- Directed by: Ratnaja
- Written by: Rathnaja
- Produced by: Ashok Gowda
- Starring: Amulya Chetan Chandra Varun Sunil Raoh Chirdeep Hebbar
- Cinematography: Ananth Urs
- Edited by: B. S. Kemparaj
- Music by: Hamsalekha
- Production company: Kalpana Shakti
- Release date: 2 April 2010;
- Running time: 179 minutes
- Country: India
- Language: Kannada

= Premism =

Premism (ಪ್ರೇಮಿಸಂ) is a 2010 Indian Kannada language romantic film directed by Ratnaja of Nenapirali fame. He has teamed up yet again with producer Ajay Gowda and music director Hamsalekha for the third time after Nenapirali and Honganasu in this film. The film mainly stars Chetan Chandra, Amulya and Varun with actor Sunil Raoh making a guest appearance.

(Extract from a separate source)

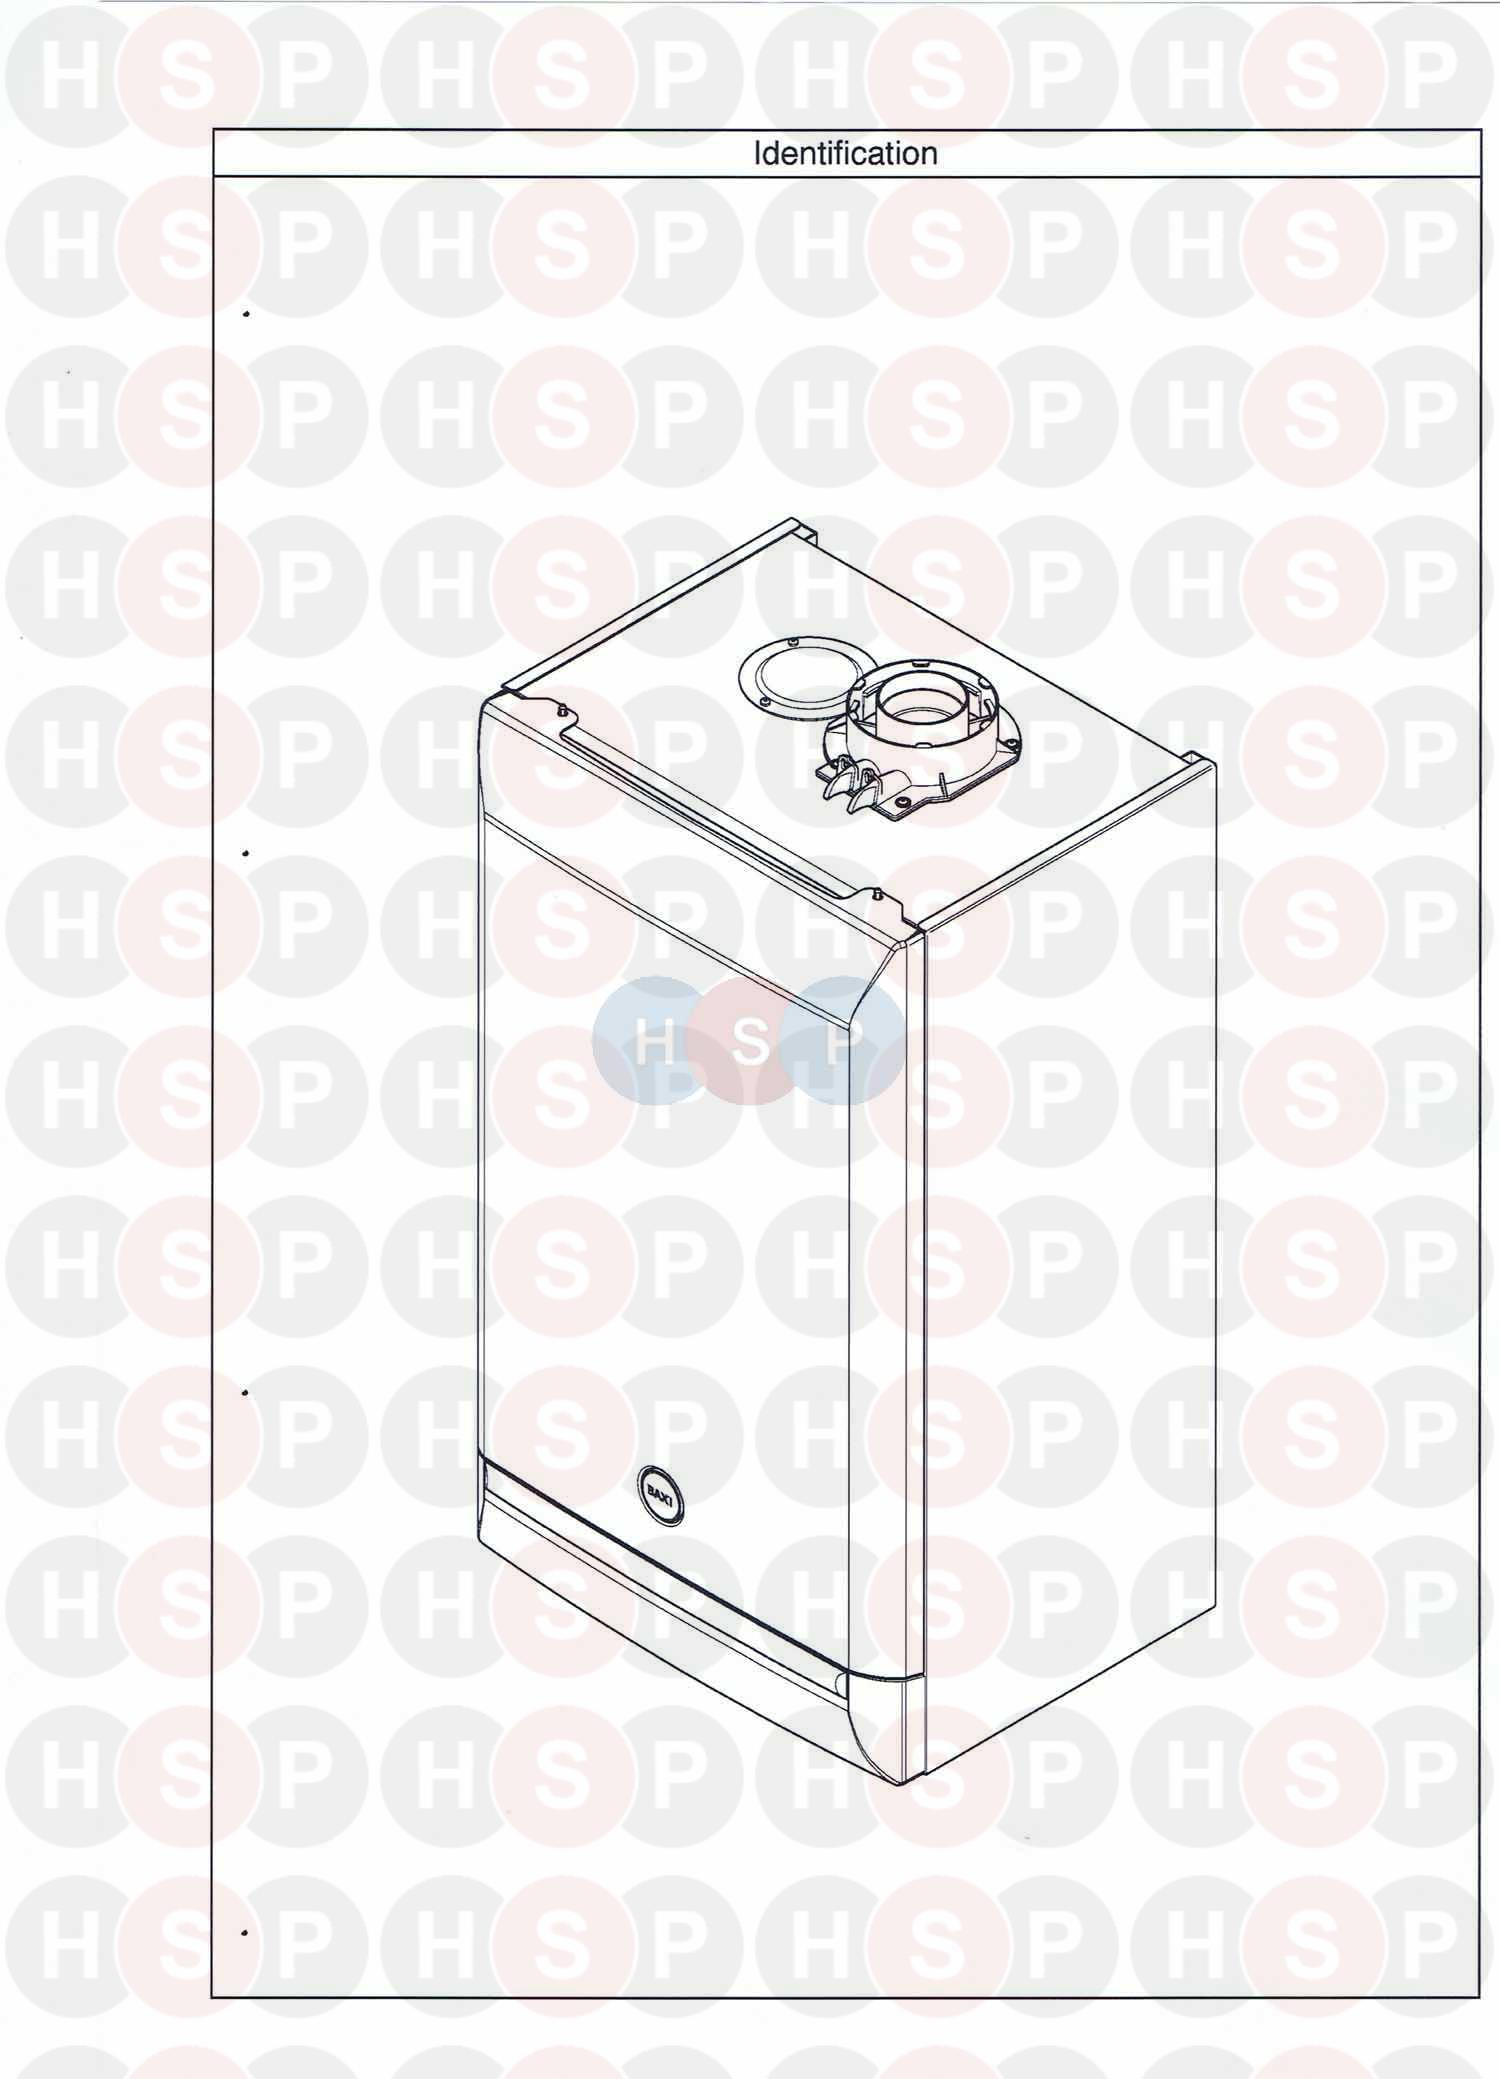 Baxi DUO TEC 33 HE (APPLIANCE IDENTIFICATION) Diagram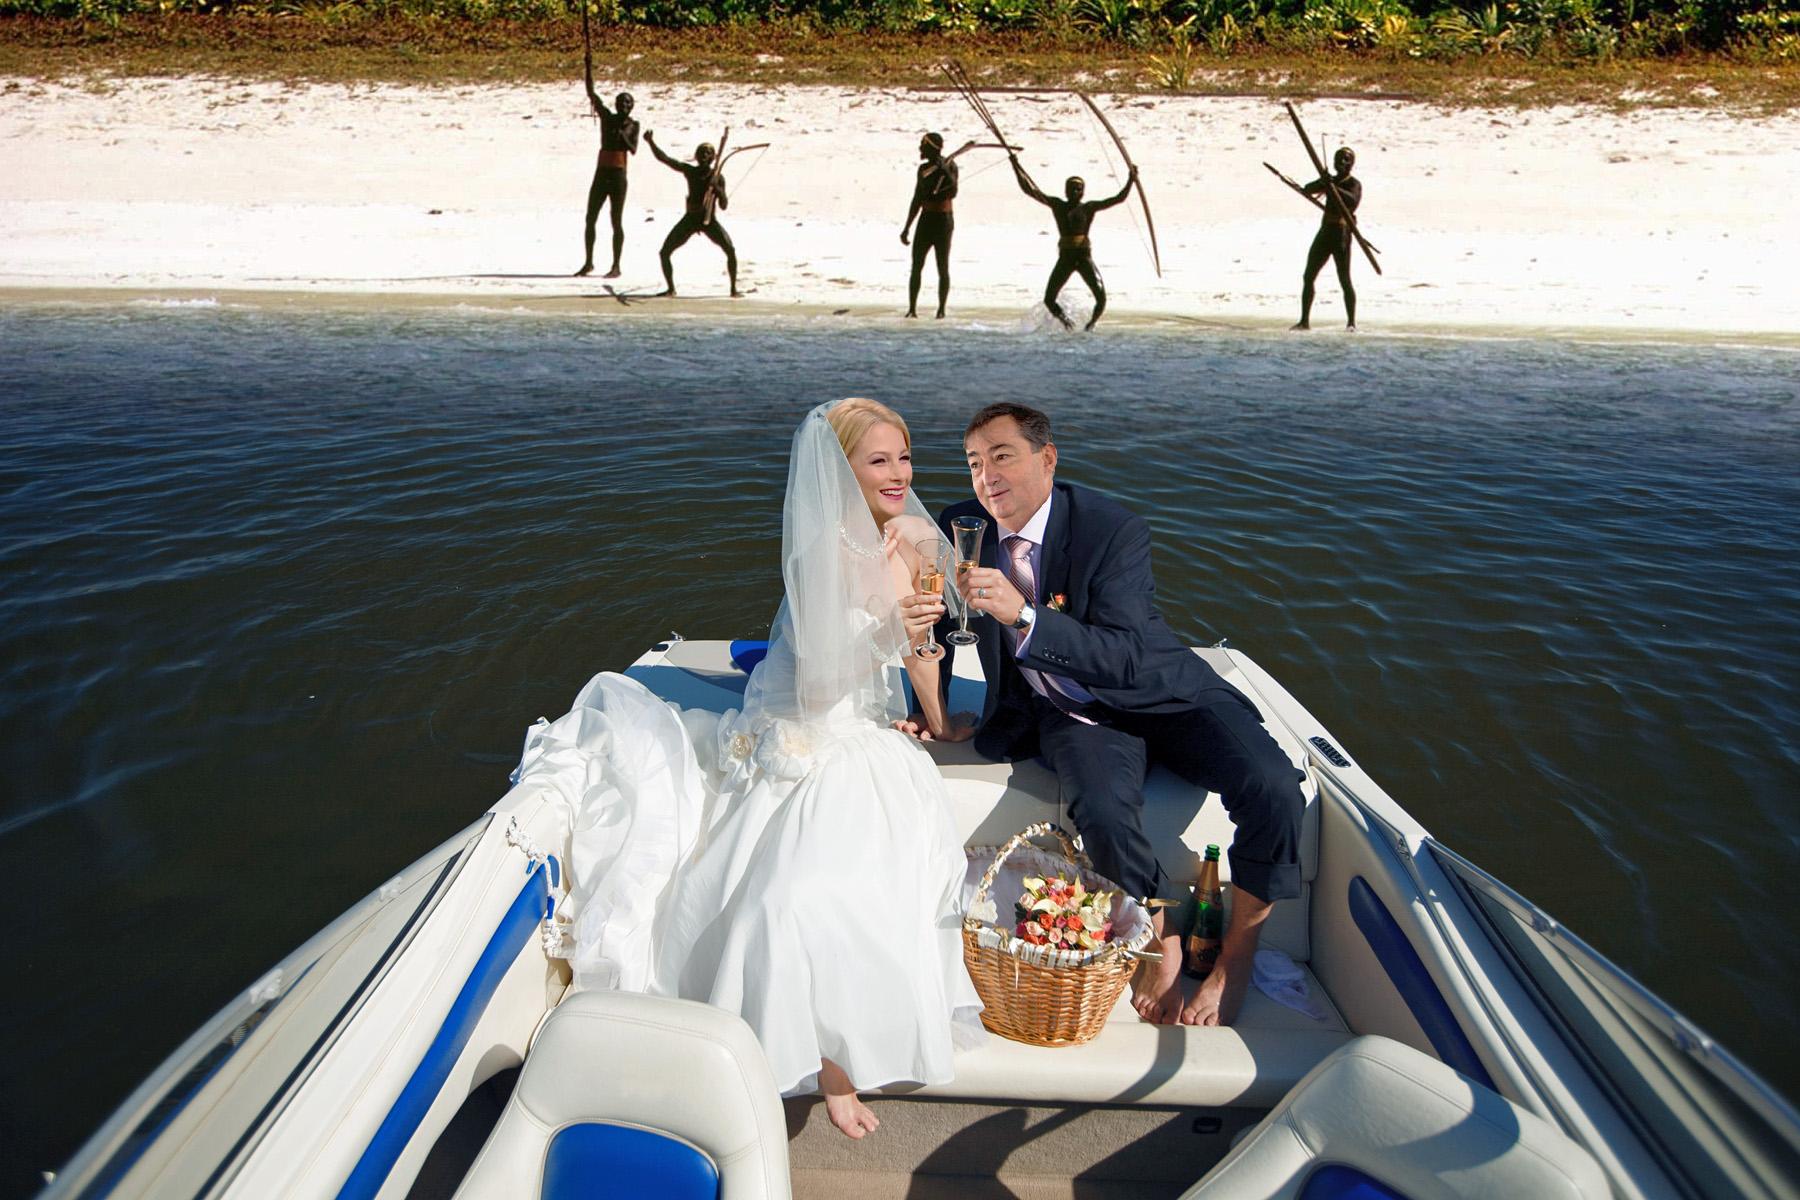 Romantikus hajókázás (Fotó: nlc illusztráció)

The film released on 2 April 2010 across Karnataka and set high expectations for its storyline and picturization.

==Plot==
Nitin (Chetan) and Varun (Varun) are the sons of a Police commissioner and head constable respectively. They have been at loggerheads since their childhood. Eventually, they both fall for the same girl Amulya, the sister of a traffic inspector. They express their love to her directly. But she travels back to her past in Belgaum where she was in love with Prasanna (Sunil Raoh). How the twosome win over her despite her background forms the rest of the story.

== Cast ==
- Chetan Chandra as Nitin
- Amulya as Amulya D'Souza
- Varun as Varun
- Ananth Nag
- Avinash
- Chirdeep Hebbar as Takkadi
- Sathyajith
- Ganesh Rao
- Neenasam Ashwath
- Rekha V Kumar
- Sunil Raoh as Prasanna in a guest appearance
- Ashwin rao pallakki
- Surya kamath
- Shashikanth

==Filming==
Most of the filming took place at Mysore localities which was also the centered in director's earlier film Nenapirali. Some parts of the film was based in Belgaum as well. The filming also took place at the Chhattisgarh locations like Chitrakoot falls and Thiratghat falls making it the first regional film to have shot in the place. The film team left to the Macau islands at China for the song sequence and finished the same in couple of days time. The song "Premism Premism" is choreographed by 'Attakalari' Jayachandran who composed the dance involving 5 elements of earth - Sky, Fire, Wind, Water and Air.

== Soundtrack ==

All the songs are composed and written by Hamsalekha teaming up with the director and producer for the third time after Nenapirali and Honganasu. The songs were well received and remained at the top of the charts.

Track listing
| No. | Title | Singer(s) | Length |
|---|---|---|---|
| 1. | "Hodi Line" | Jassie Gift |  |
| 2. | "Premism Premism" | Rajesh Krishnan, Shreya Ghoshal |  |
| 3. | "Gulabi Kennege" | Kunal Ganjawala, Anuradha Bhat |  |
| 4. | "Mysorege Aishu Bandalu" | S. P. Balasubrahmanyam, Hemanth Kumar |  |
| 5. | "Arishina Kumkuma" | K. S. Chithra |  |
| 6. | "Sagamapanisa" | Sonu Nigam |  |
| 7. | "Premism Premism (Pathos)" | Rajesh Krishnan, Anuradha Bhat |  |

== Reception ==
=== Critical response ===

Shruti Indira Lakshminarayana of Rediff.com scored the film at 3.5 out of 5 stars and wrote "Hamsalekha's songs are catchy. A song which carries the tunes of Kurrak Kuknalikere... a hit number from Nenapirali, directed by Rathnaja, has been composed for the film. The song speaks of prominent areas in Mysore. Choreographers have used a mix of contemporary, tap, classical and folk styles to match the tunes. All in all, Premism is for those who like love stories". A critic from Bangalore Mirror wrote  "Premism is a film which concerns itself only with love without baggage of tearjerker sentiments. Ratnaja proceeds with a long winding narrative. But with a not-so-regular concept, he wins with the substance. There are also a couple of surprises. A sure hit for those who enjoy love stories". A critic from Deccan Herald wrote "The basic plot itself looks interesting and the fight between the sons of two close friends working in the police force has been well narrated. The first half is certainly engaging as it has many fun-filled moments. The best thing is that story moves forward with each sequence and proceedings really look interesting.“Premism” is certainly the best of Rathnaja’s works so far".